> **Task description**:
Reproduce exactly only the lines from the line that holds "Intel BOXDH61AG manual" to the line that holds "horror creepy and", inclusive, in the listing below, and please leave out every picture.

> **Working data**:
§ §

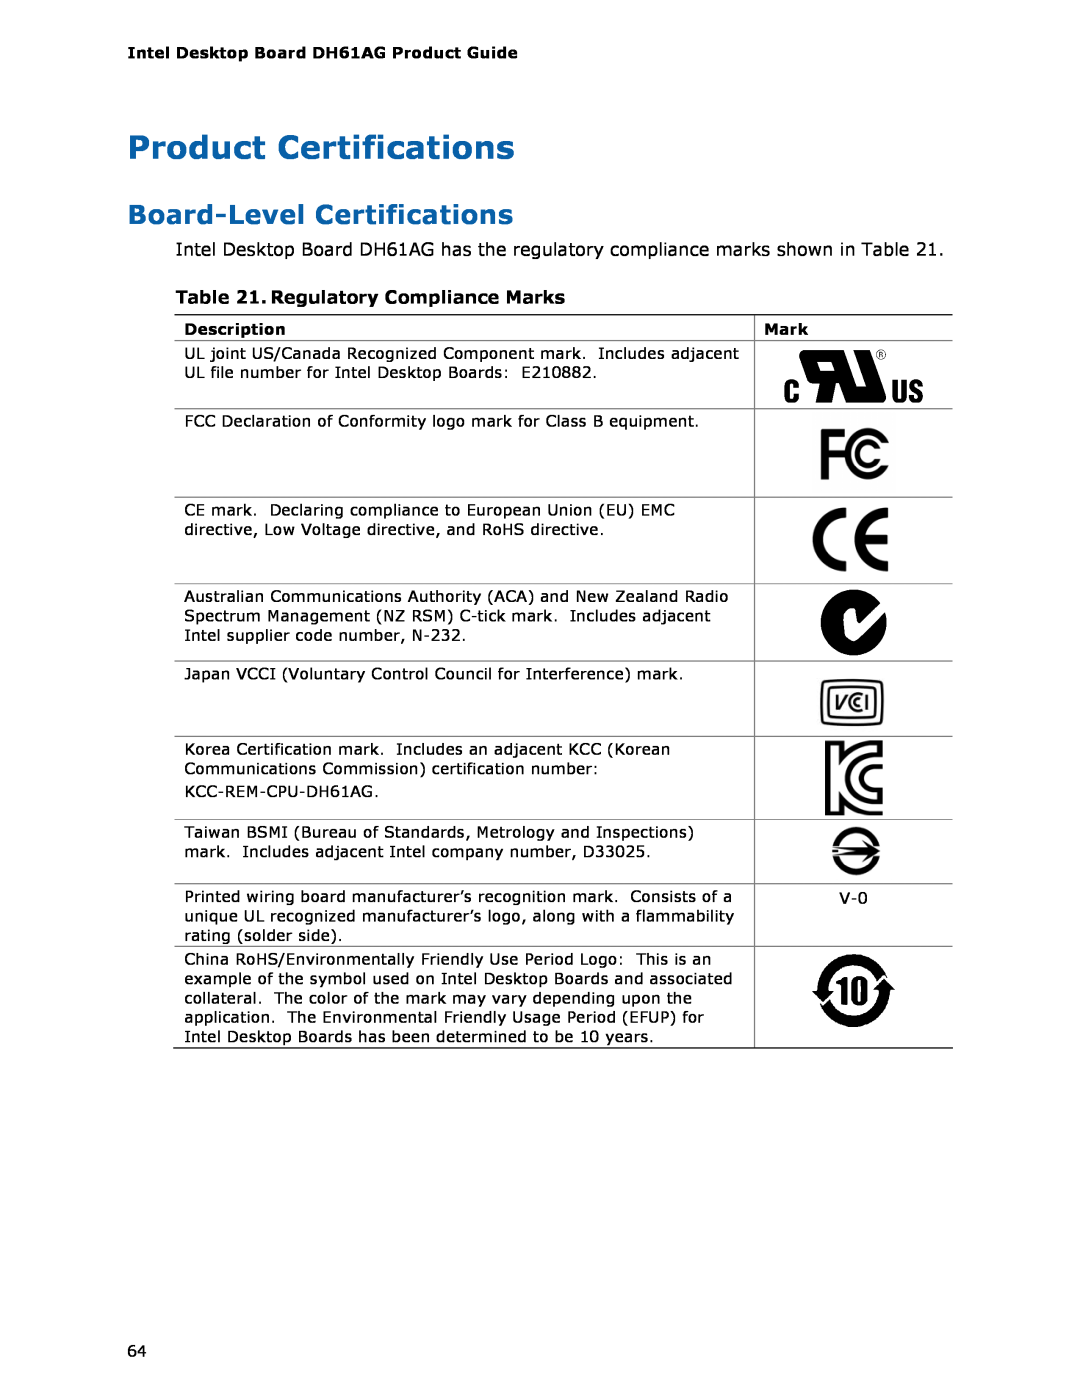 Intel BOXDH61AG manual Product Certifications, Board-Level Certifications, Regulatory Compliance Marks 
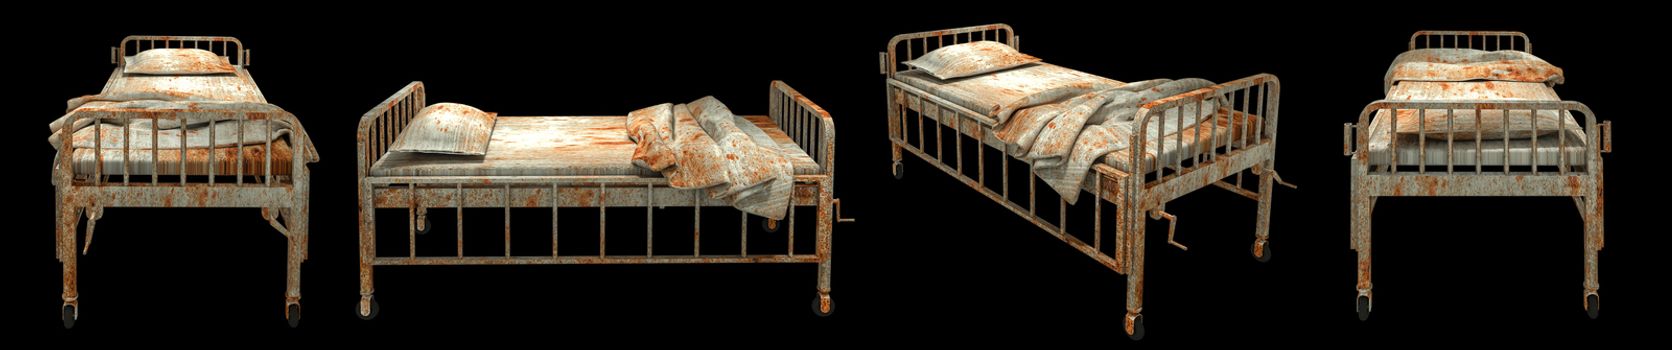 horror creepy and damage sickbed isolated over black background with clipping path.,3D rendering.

§ §

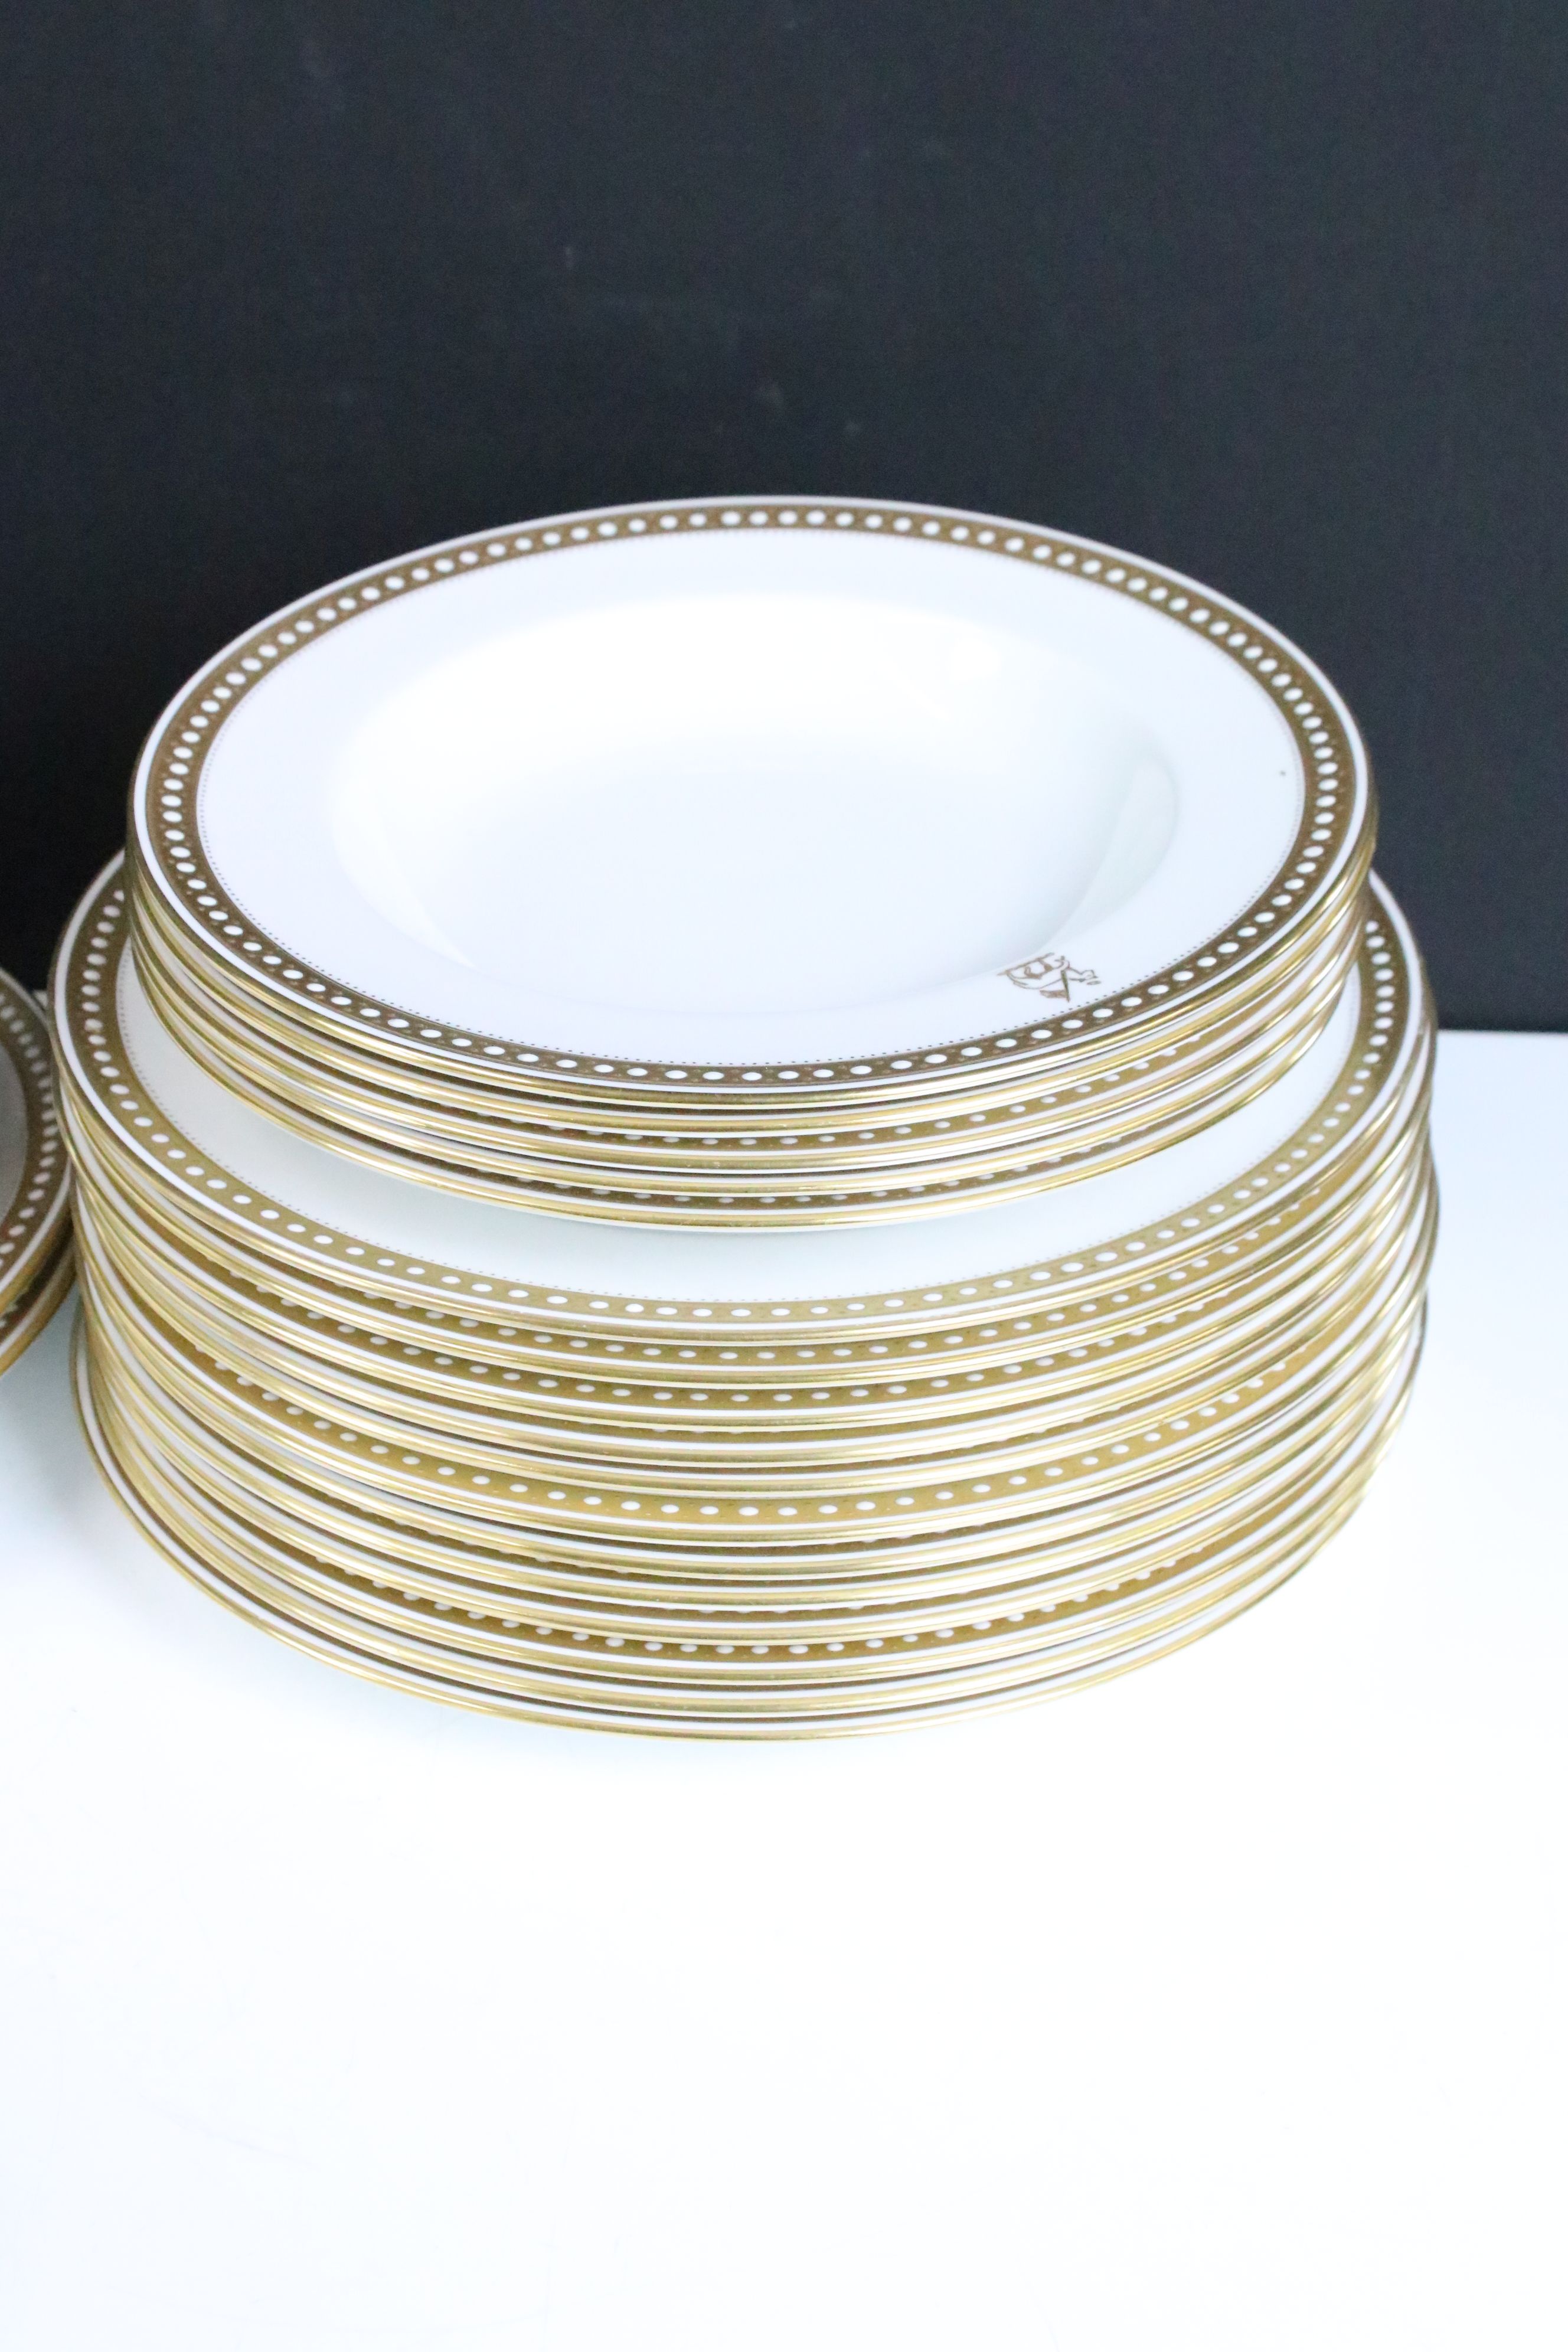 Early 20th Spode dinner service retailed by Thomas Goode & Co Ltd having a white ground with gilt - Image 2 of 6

§ §

> **Reply**:
 Intel BOXDH61AG manual Product Certifications, Board-Level Certifications, Regulatory Compliance Marks 
 horror creepy and damage sickbed isolated over black background with clipping path.,3D rendering.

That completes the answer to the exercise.